■ **DATASET EXTRACT**:
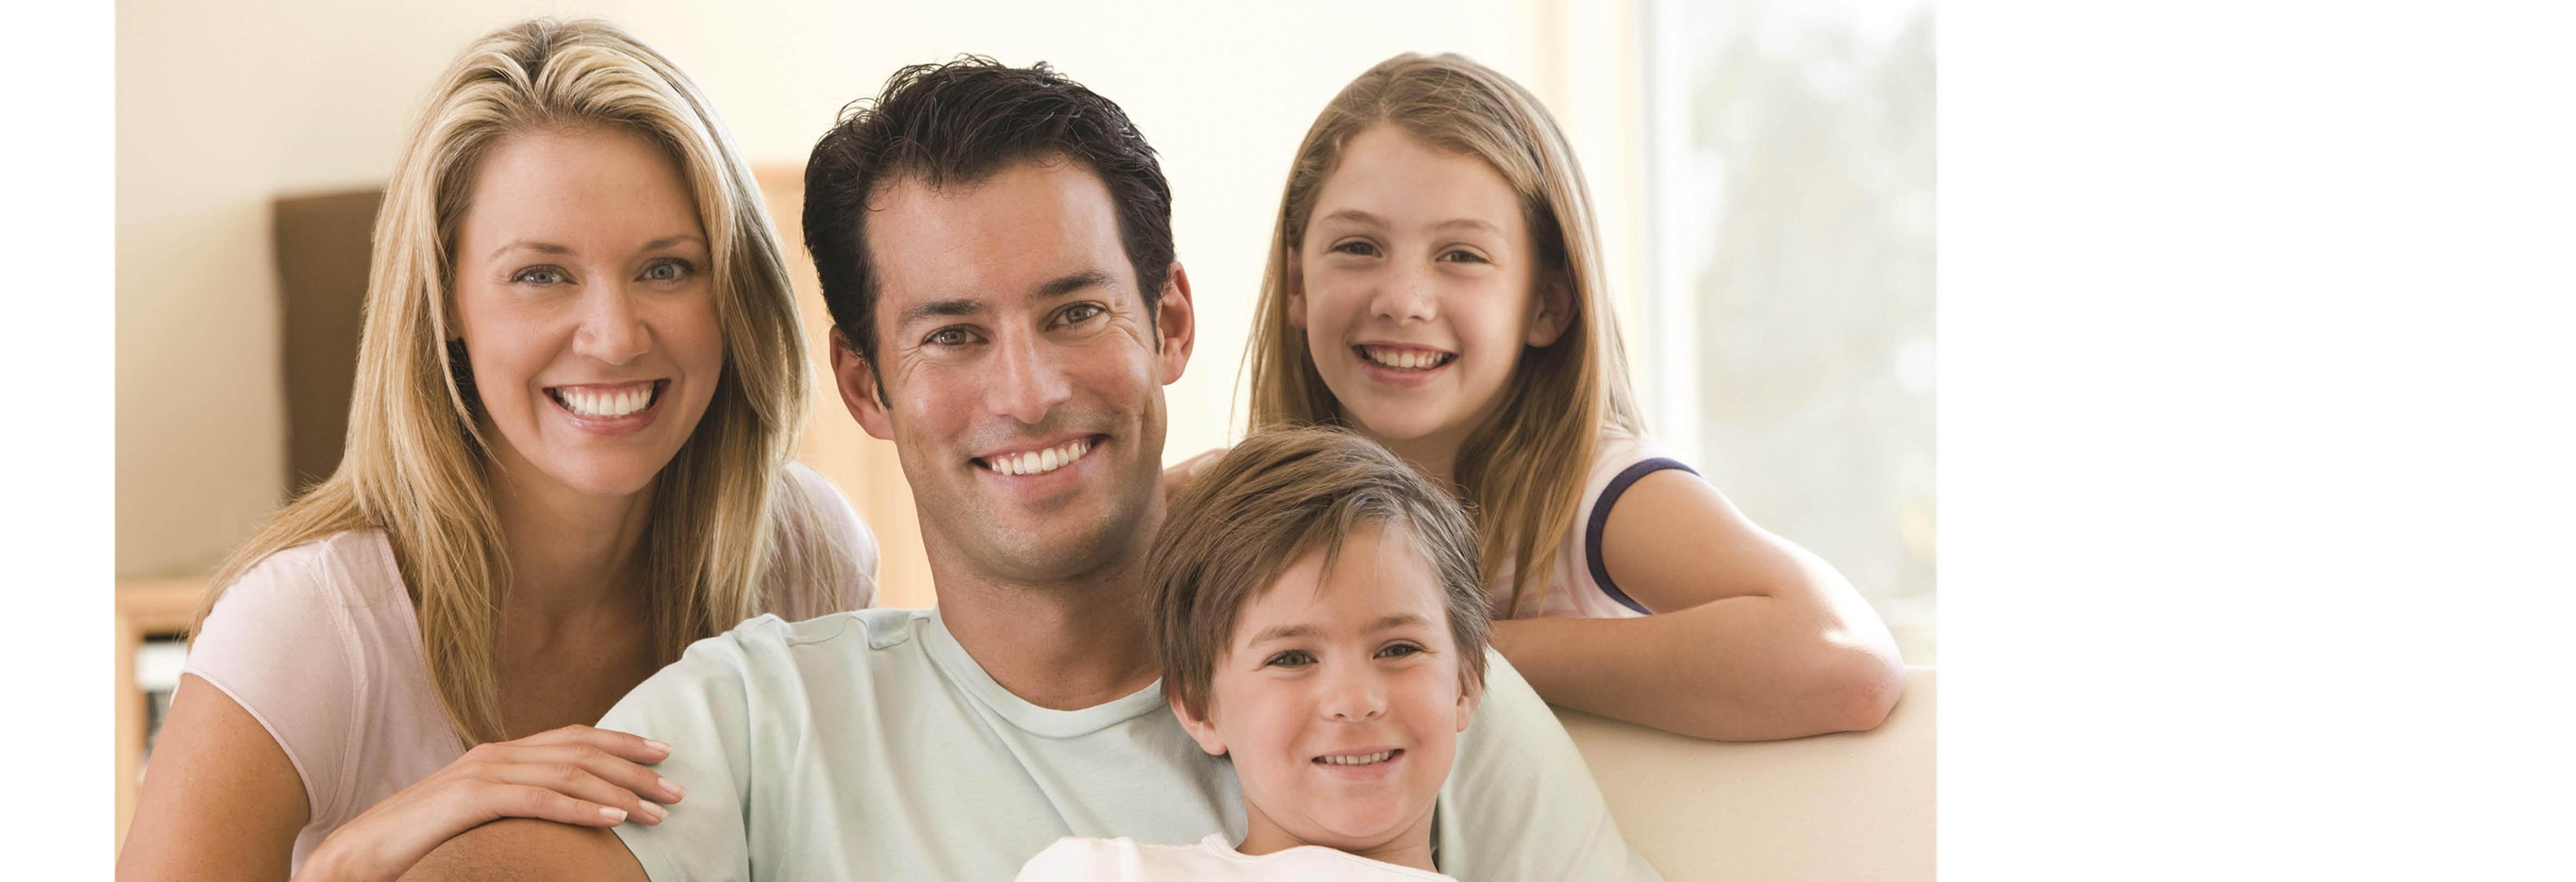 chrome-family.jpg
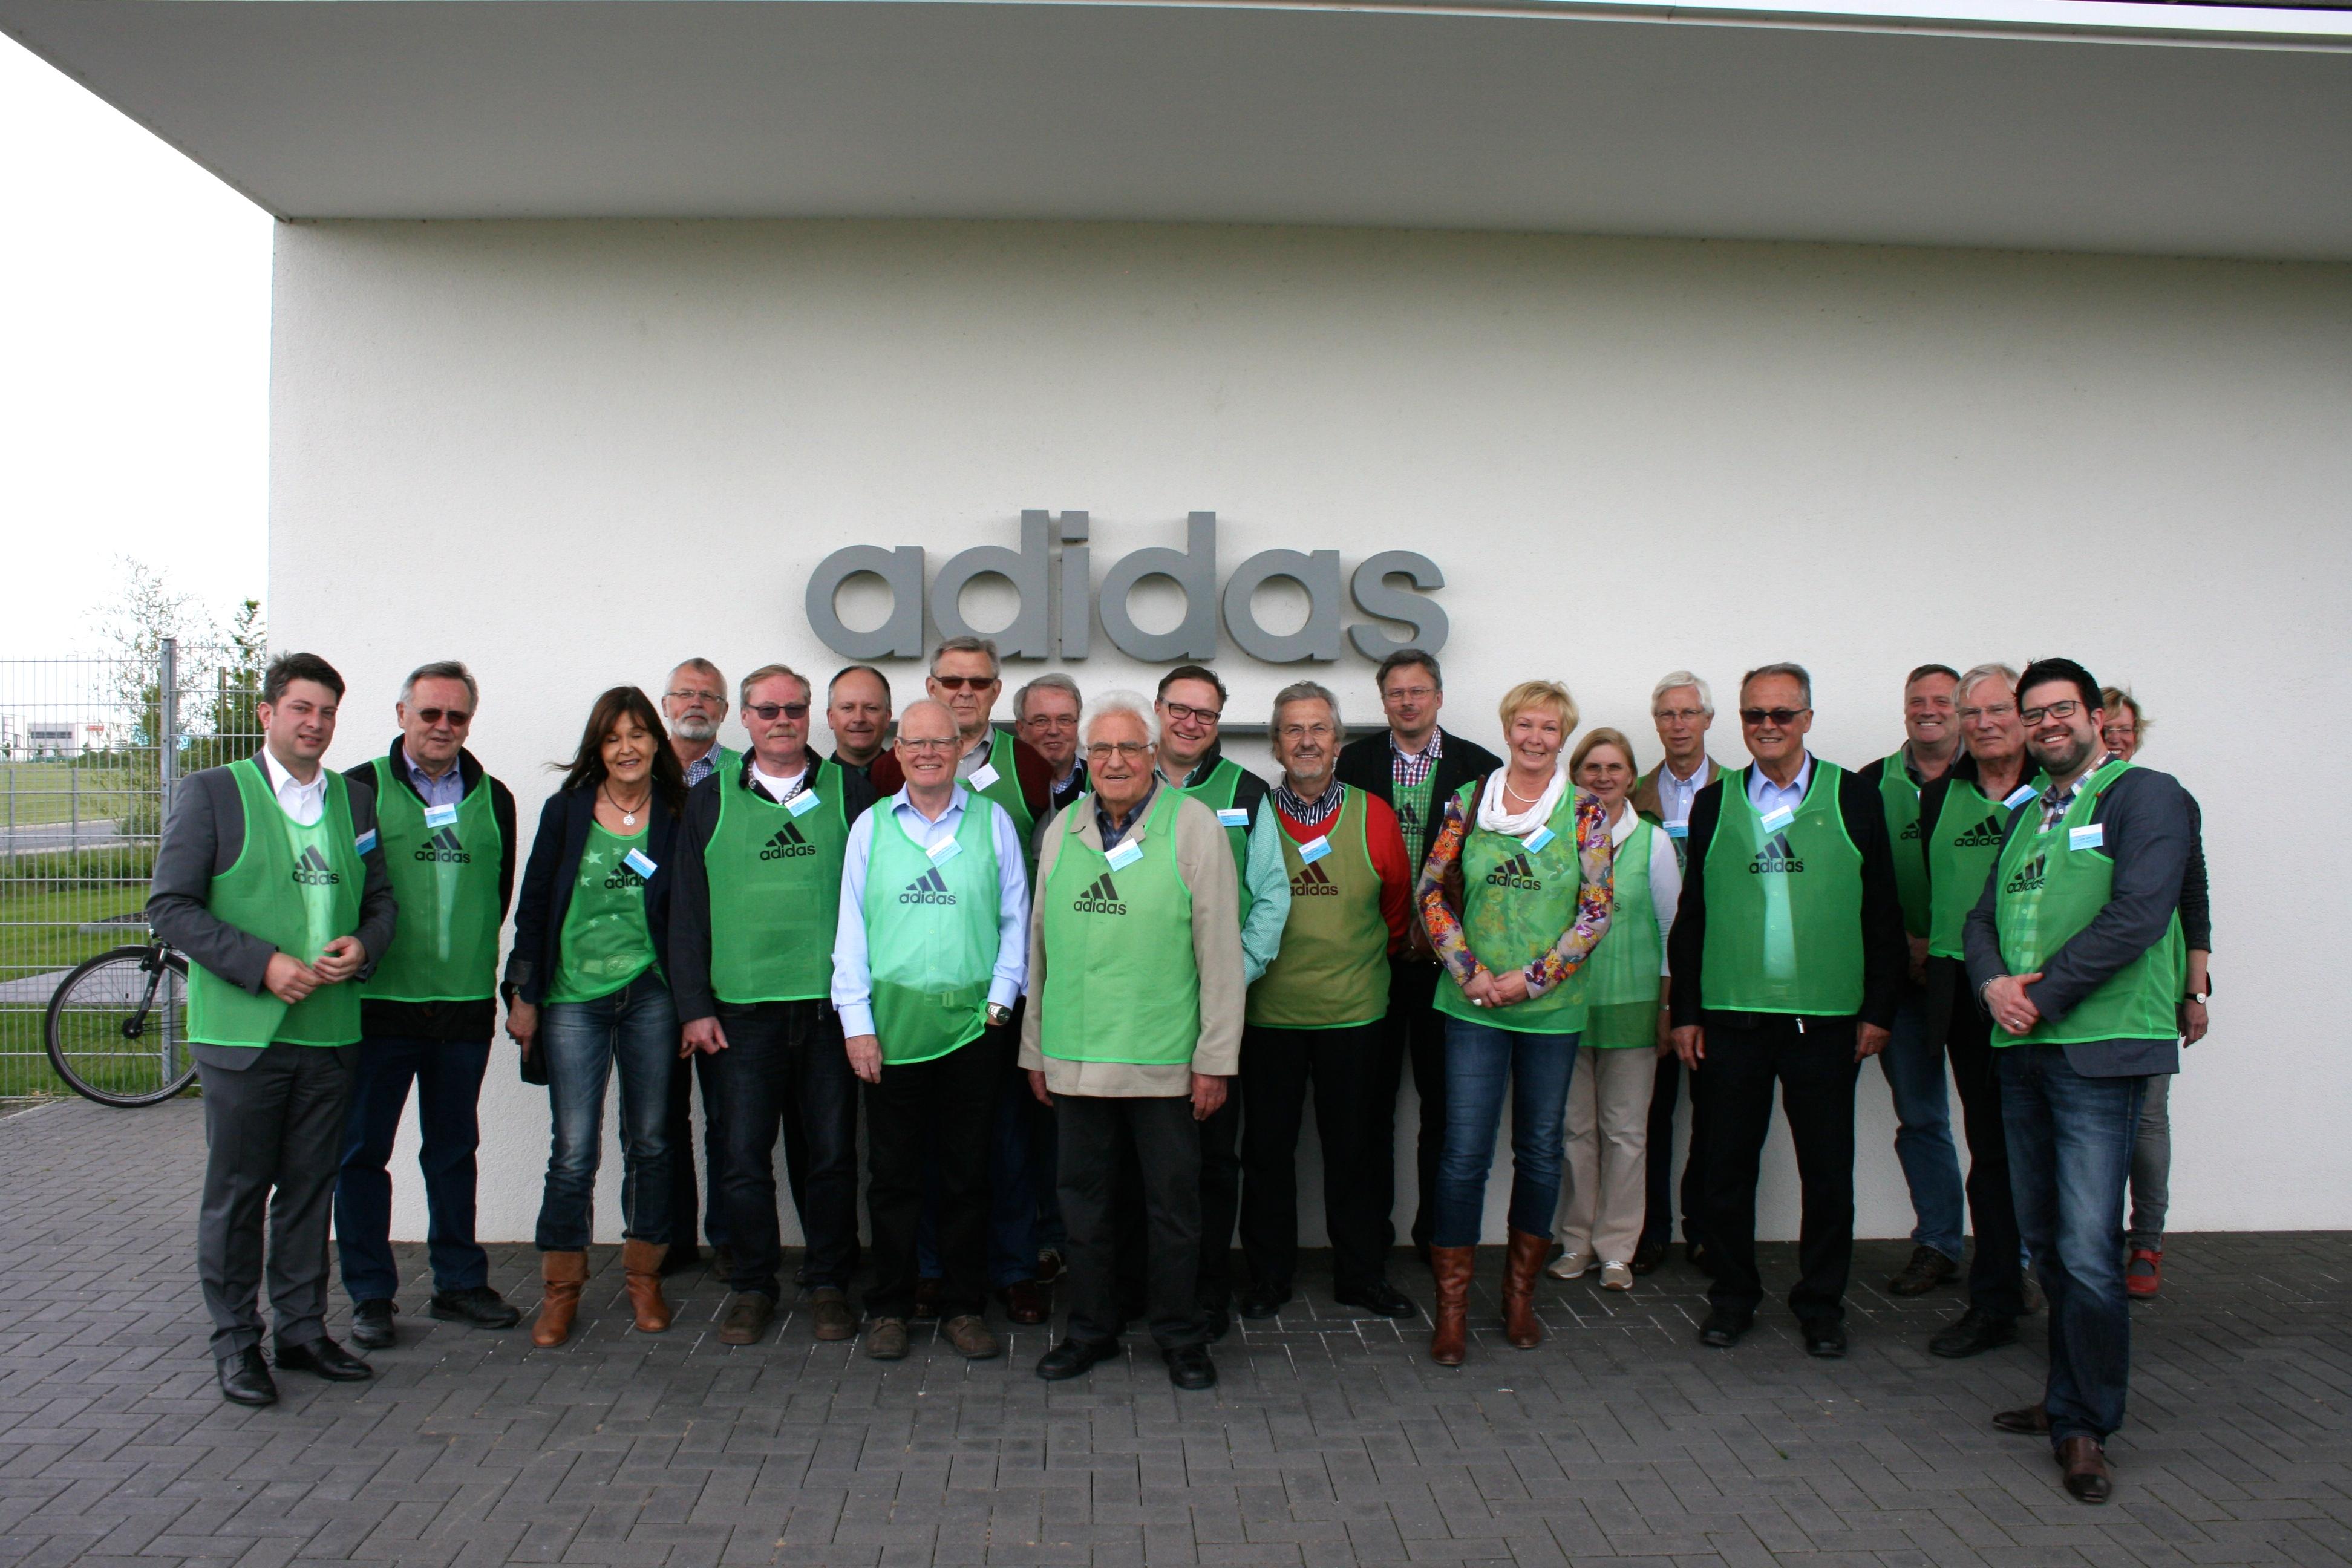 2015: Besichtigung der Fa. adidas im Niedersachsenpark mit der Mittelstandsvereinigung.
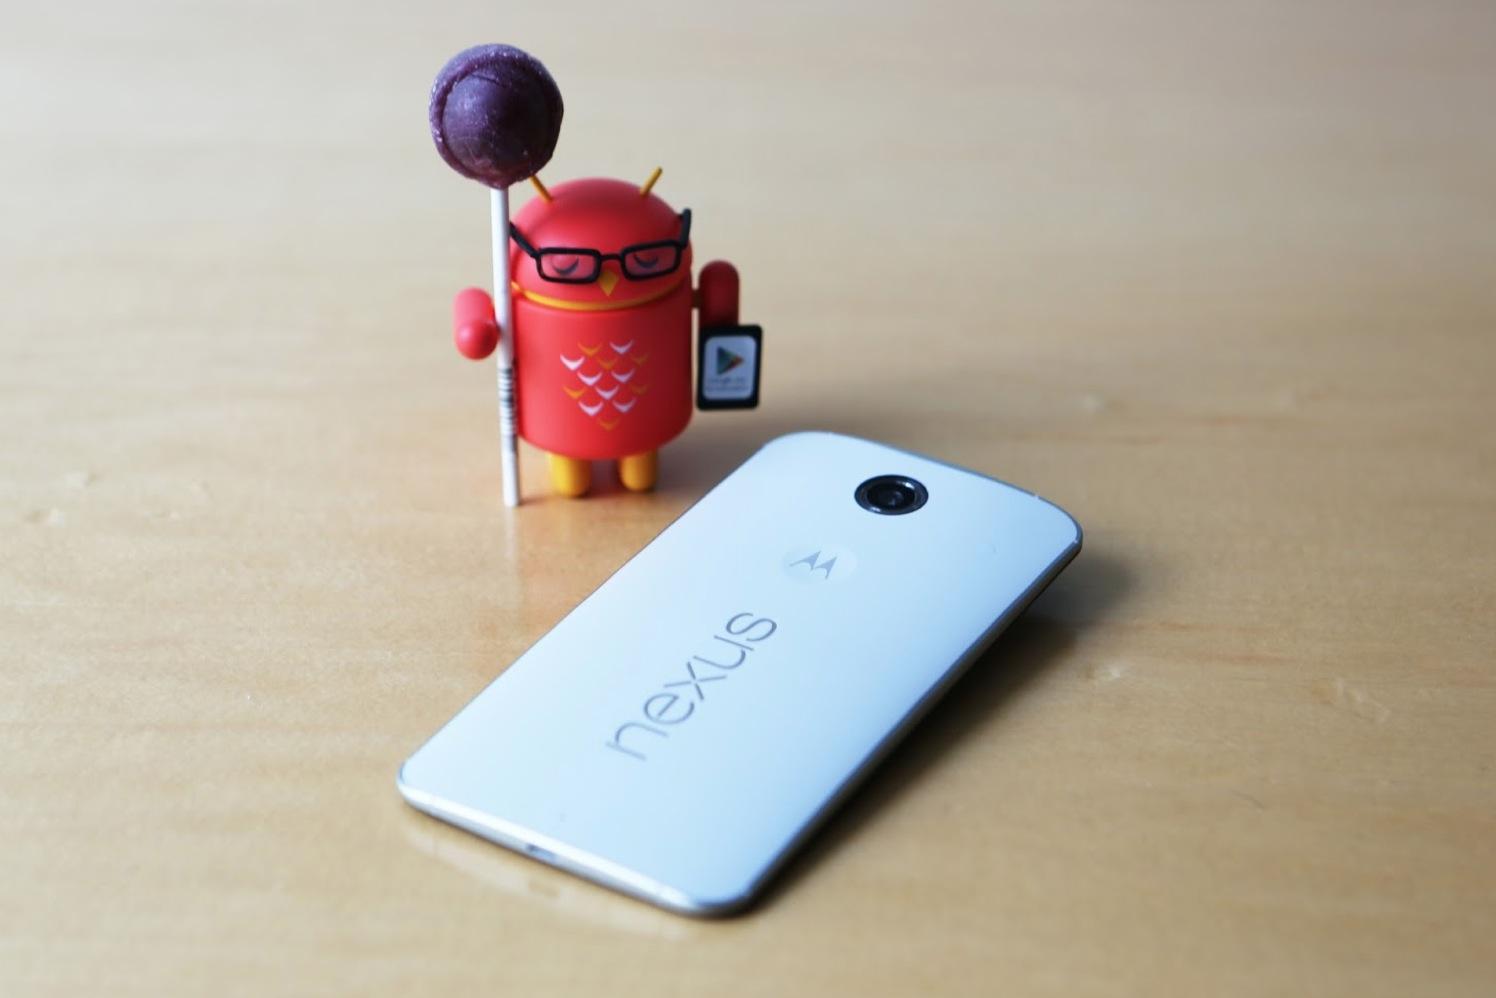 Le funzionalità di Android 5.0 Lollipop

■ **YOUR TASK**: Give back the material above exactly as it appears, minus the pictures.

■ **YOUR RESPONSE**:
 chrome-family.jpg
 2015: Besichtigung der Fa. adidas im Niedersachsenpark mit der Mittelstandsvereinigung.
 Le funzionalità di Android 5.0 Lollipop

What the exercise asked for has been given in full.